Super CSV / Discussion / Open Discussion: Reading Objects using (I)CsvListReader

Reiner Saddey - 2008-01-19

I don't want the overhead of maps, but I still require Objects to be read. That's something (I)CsvListReader does not offer.

Easy job, I thought - but I was wrong.

I extended both (I)CsvListReader interface and implementation and ran into a problem when implementing public List<? super Object> readObjetcs( final CellProcessor[] processors ) throws IOException.

Although the field tokenizer (from AbstractCsvReader) is accessible due to its protected qualifier, it still cannot be used, as its type ITokenizer is package private to org.supercsv.io.

I'll work-around by either...
1. moving my implementation to org.supercsv.io, or
2. casting tokenizer to a (public) implementation Tokenizer.

Both ways, I'm not quite happy producing bad-styled code.

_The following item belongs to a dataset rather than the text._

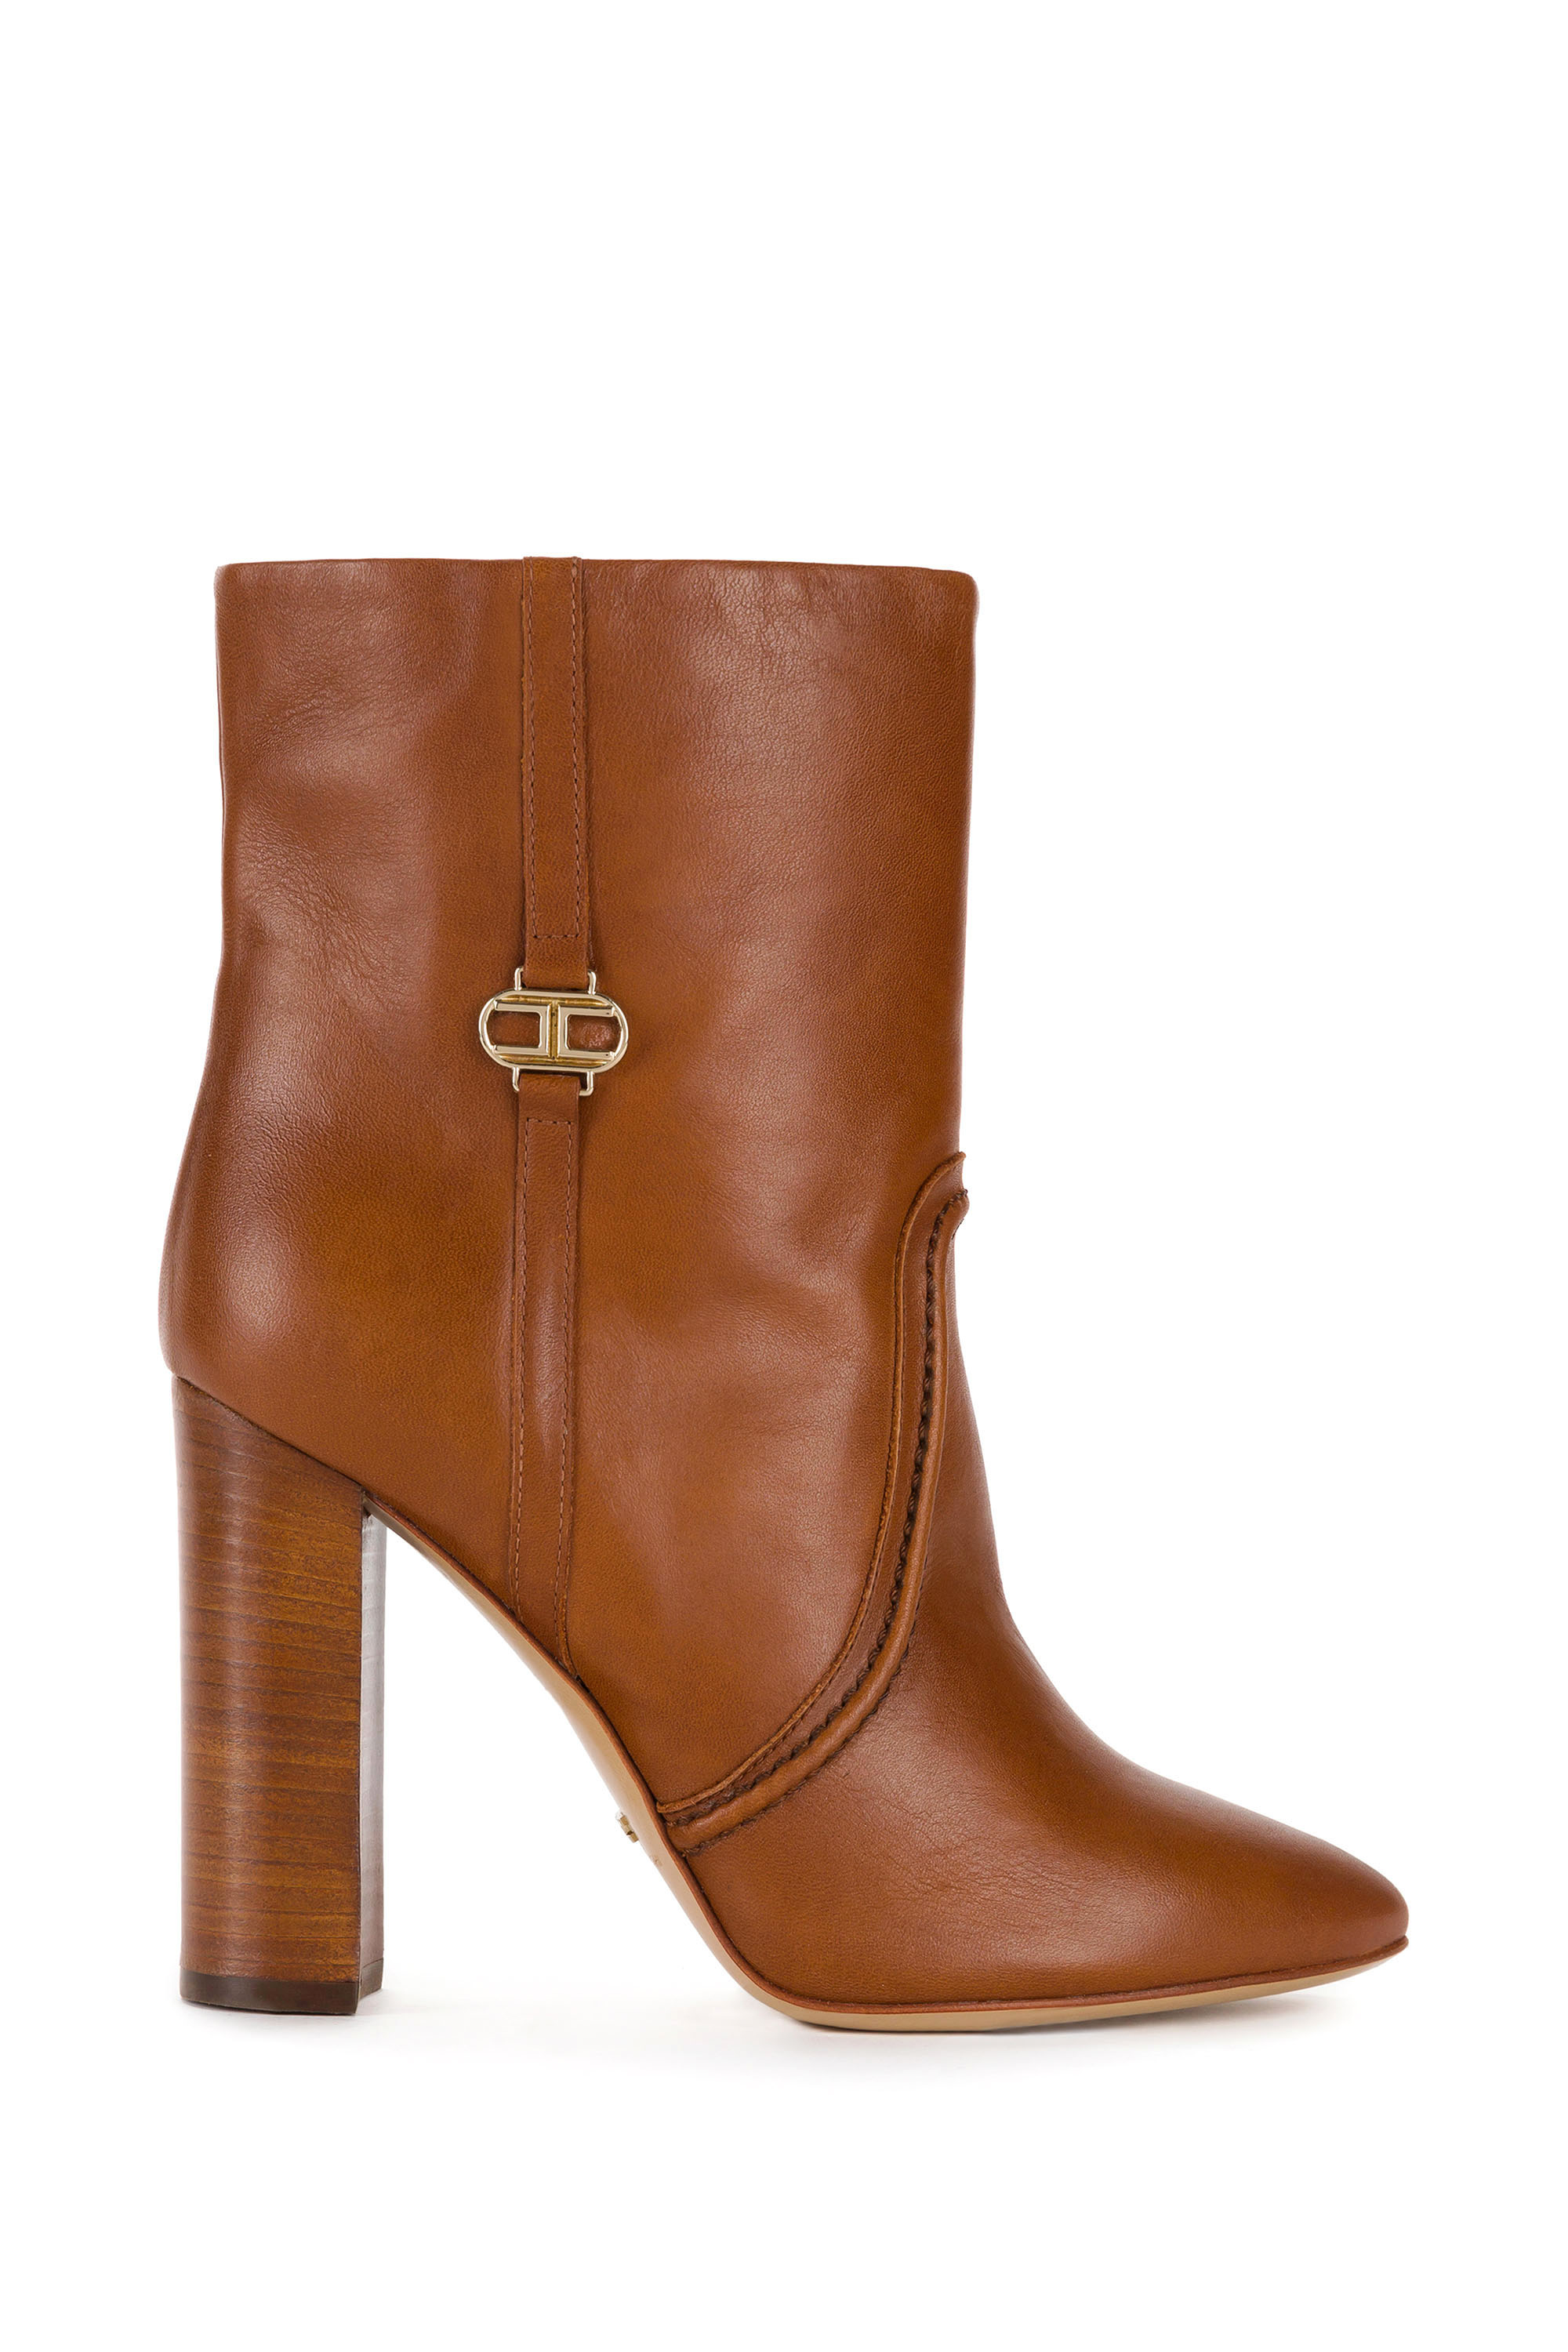 Elisabetta Franchi ankle boots with light gold logo

Protected interfaces can only be declared within classes and I doubt AbstractCsvReader would be a viable option. But still, what's the point of keeping ITokenizer package private and at the same time publishing its implementation? My vote goes for changing ITokinzer to public. Although this might create outside dependencies, it's not worse than using ( ( Tokenizer )tokenizer ).xxx in the first place.

The concept of cell processors is really very smart, as it allows to read typed column data. I'll most probably have to implement a new cell processor for retrieving BigDecimals and I trust SuperCSV will do its job efficiently - both in terms of coding and runtime performance.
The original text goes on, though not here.